# About this exercise
Copy from the first line below down to and including the line with "Each table has". Skip the pictures.

# Recorded information
▽
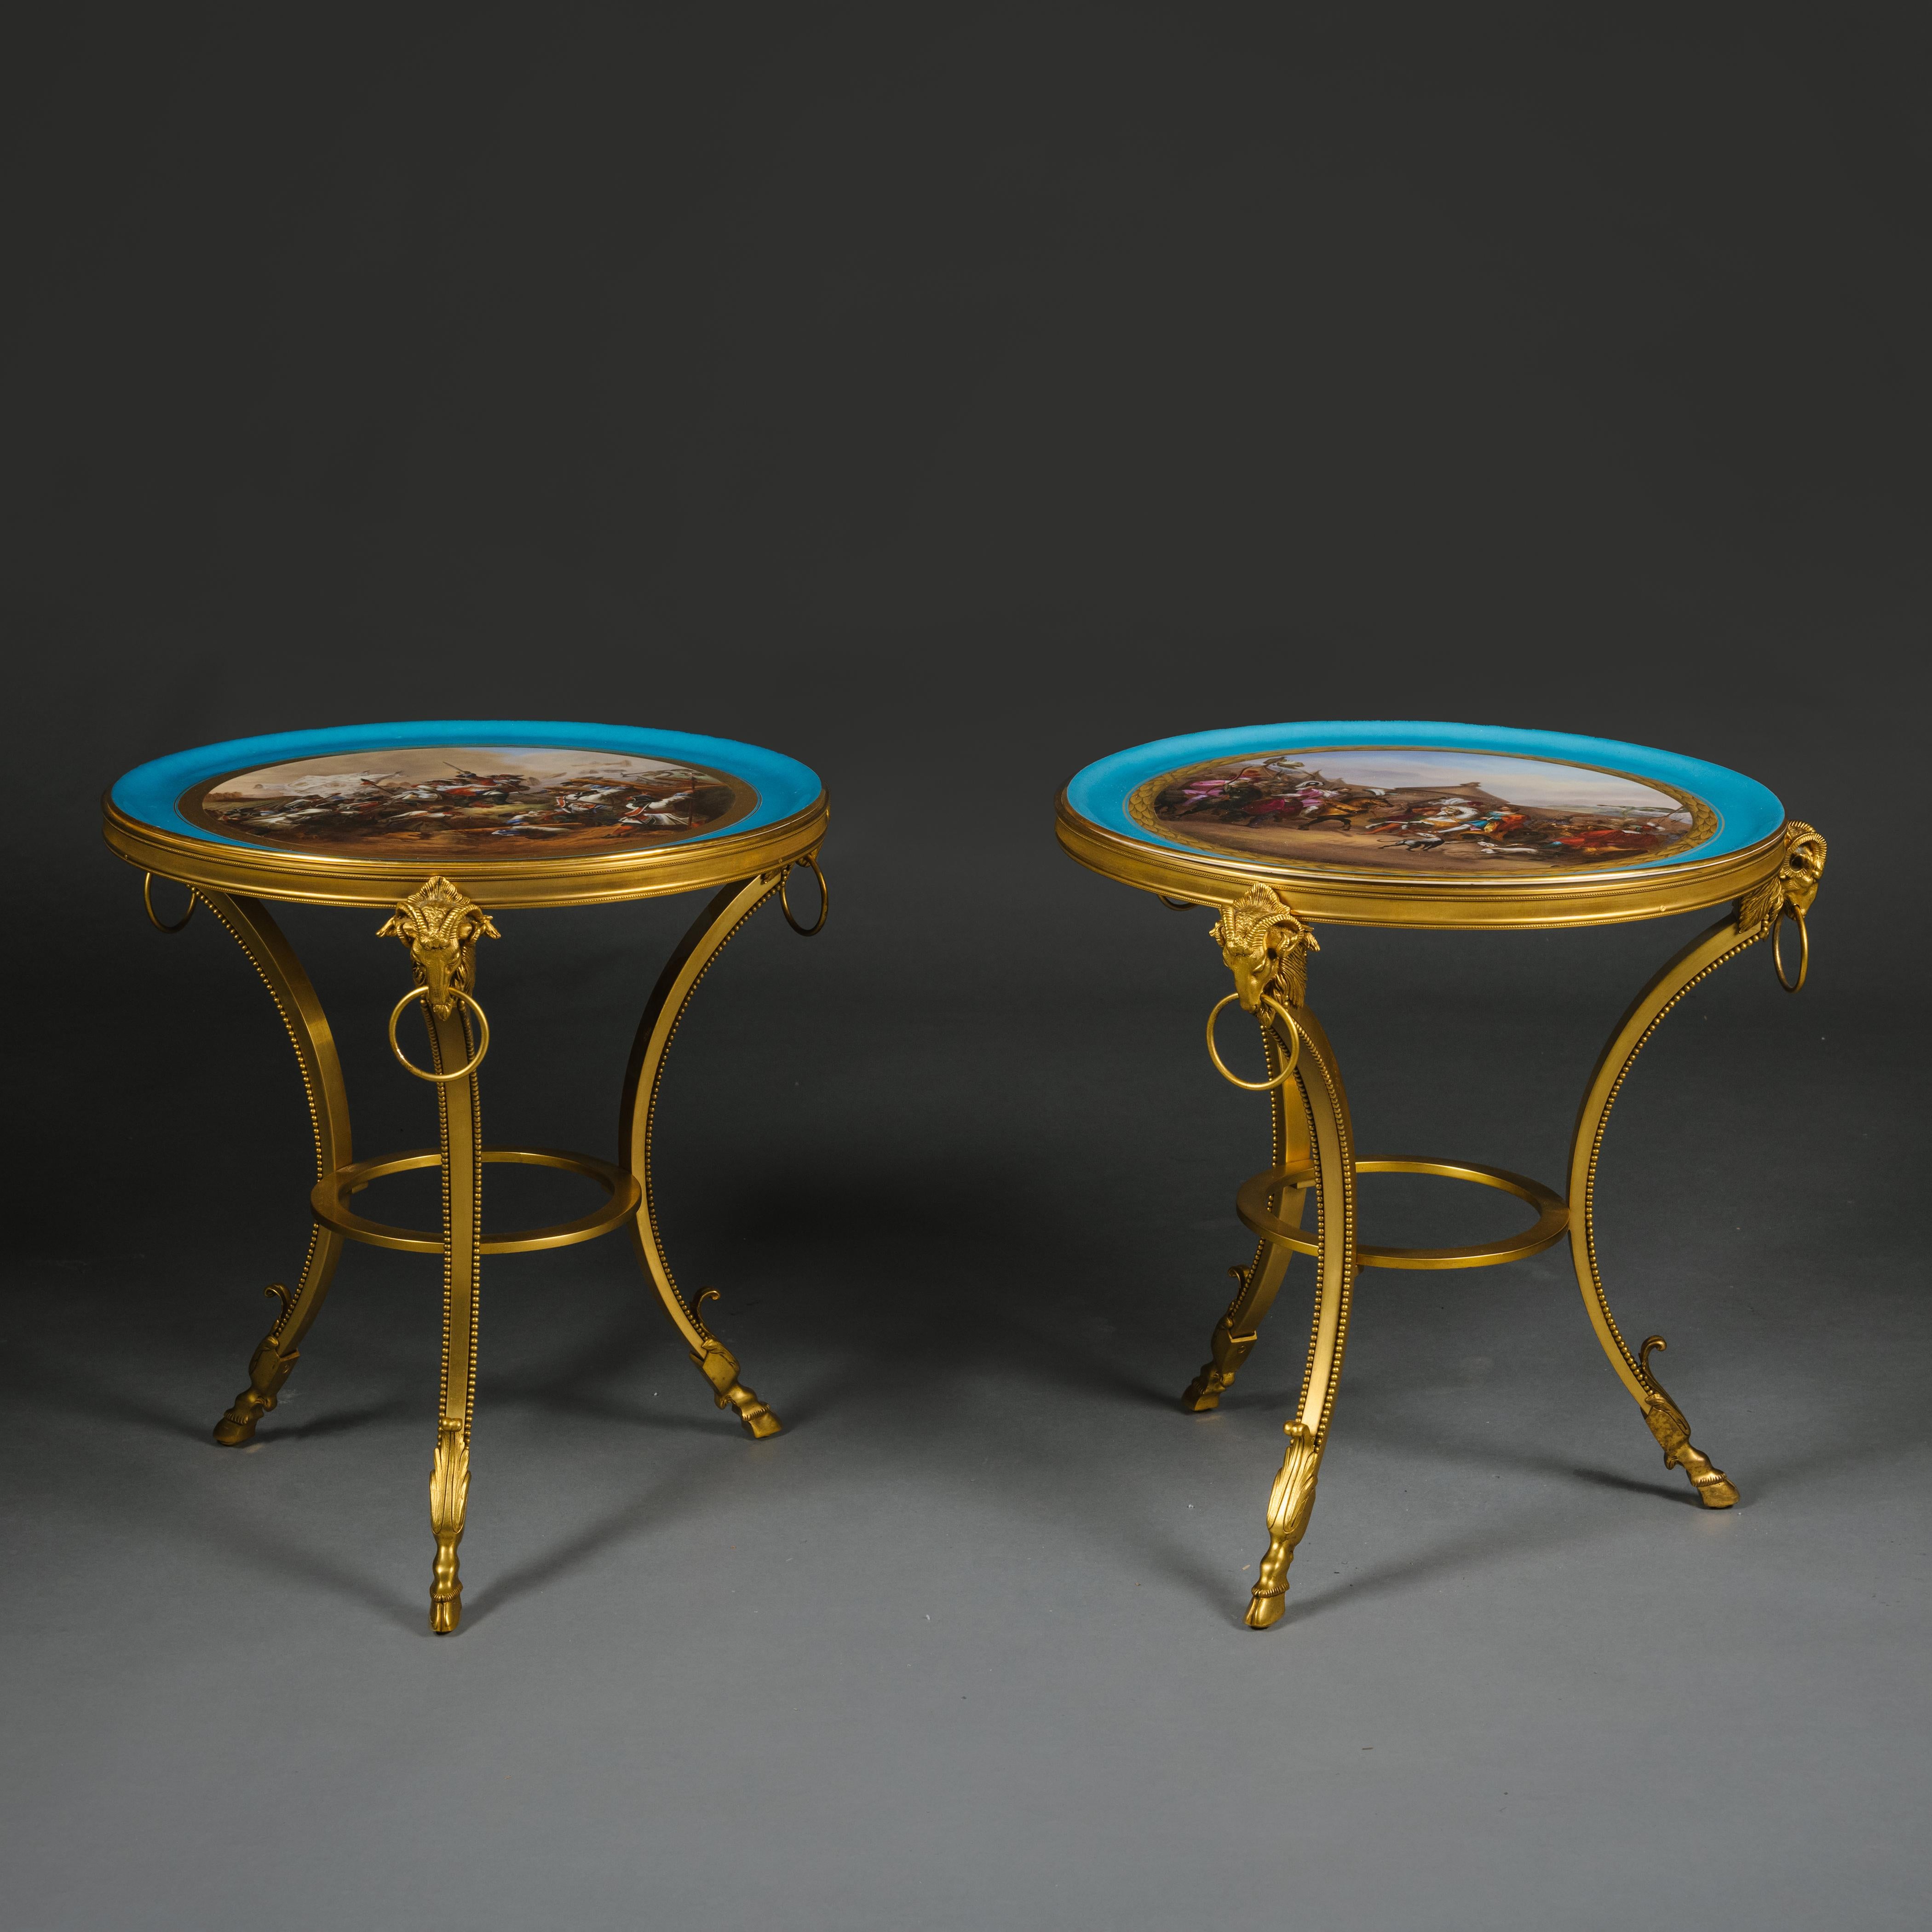 A Fine and Unusual Pair of Louis XVI Style Gilt-Bronze Low Side Tables With Sèvres-Style Porcelain Tops.

Each table has a fine Sèvres-style porcelain charger painted with historical battle scenes within bleu céleste borders supported on finely cast
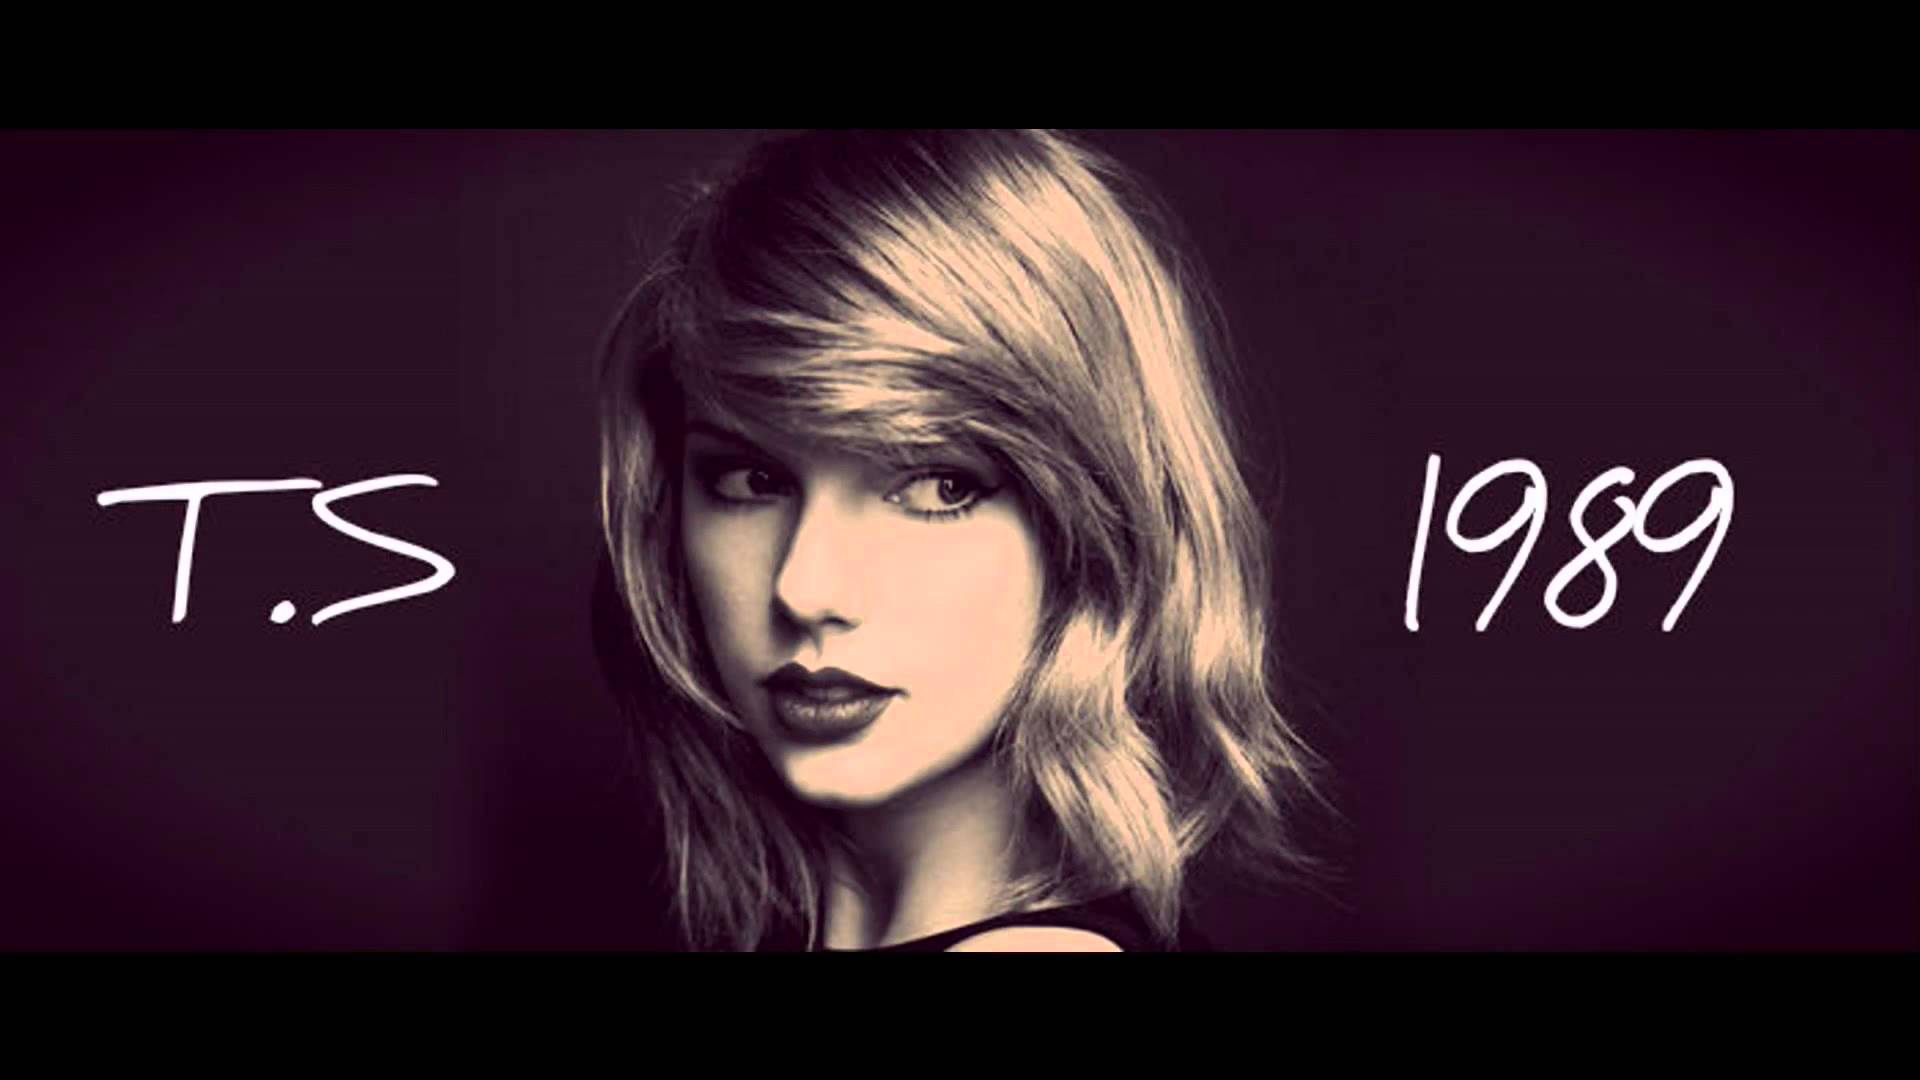 Free download Taylor Swift 1989 World Tour [1920x1080] for your Desktop, Mobile & Tablet. Explore Taylor Swift 1989 Wallpaper. Taylor Swift 1989 Wallpaper, Taylor Swift 1989 Wallpaper, Taylor Swift Desktop Wallpaper 1989
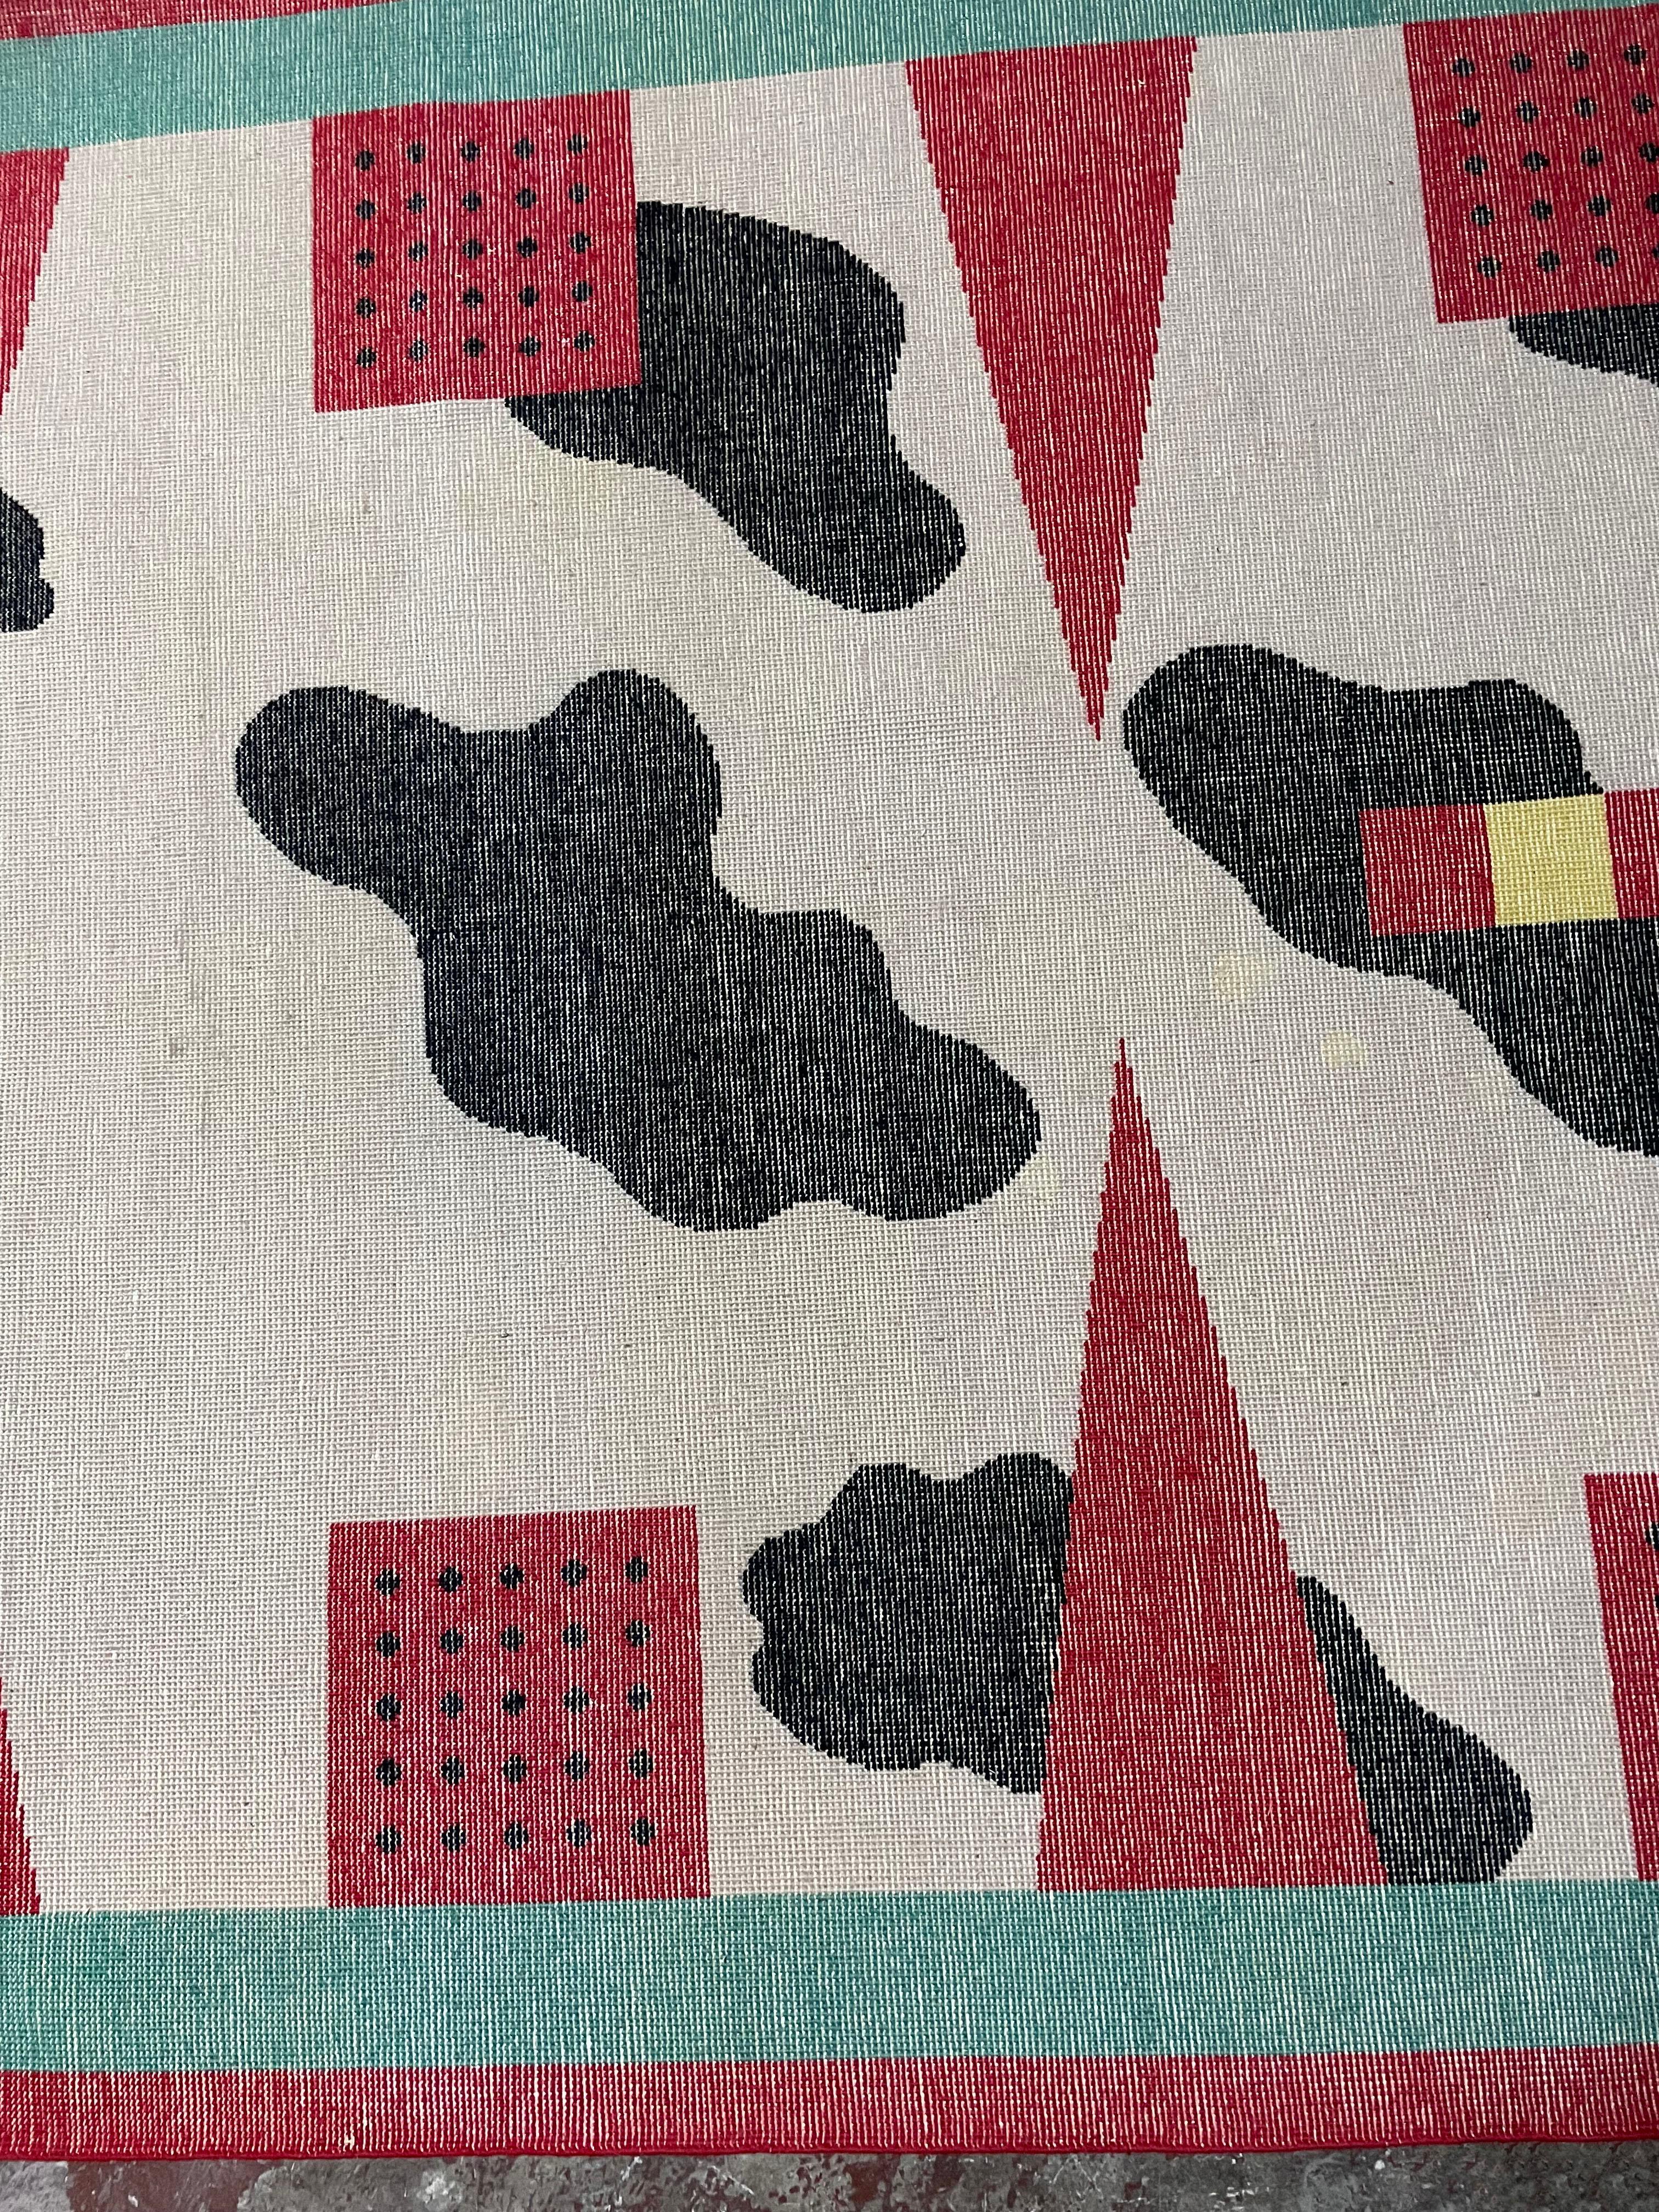 Hand-Woven California Carpet Designed in 1983 by Nathalie du Pasquier for Memphis Milano
△
# Written response
 A Fine and Unusual Pair of Louis XVI Style Gilt-Bronze Low Side Tables With Sèvres-Style Porcelain Tops.

Each table has a fine Sèvres-style porcelain charger painted with historical battle scenes within bleu céleste borders supported on finely cast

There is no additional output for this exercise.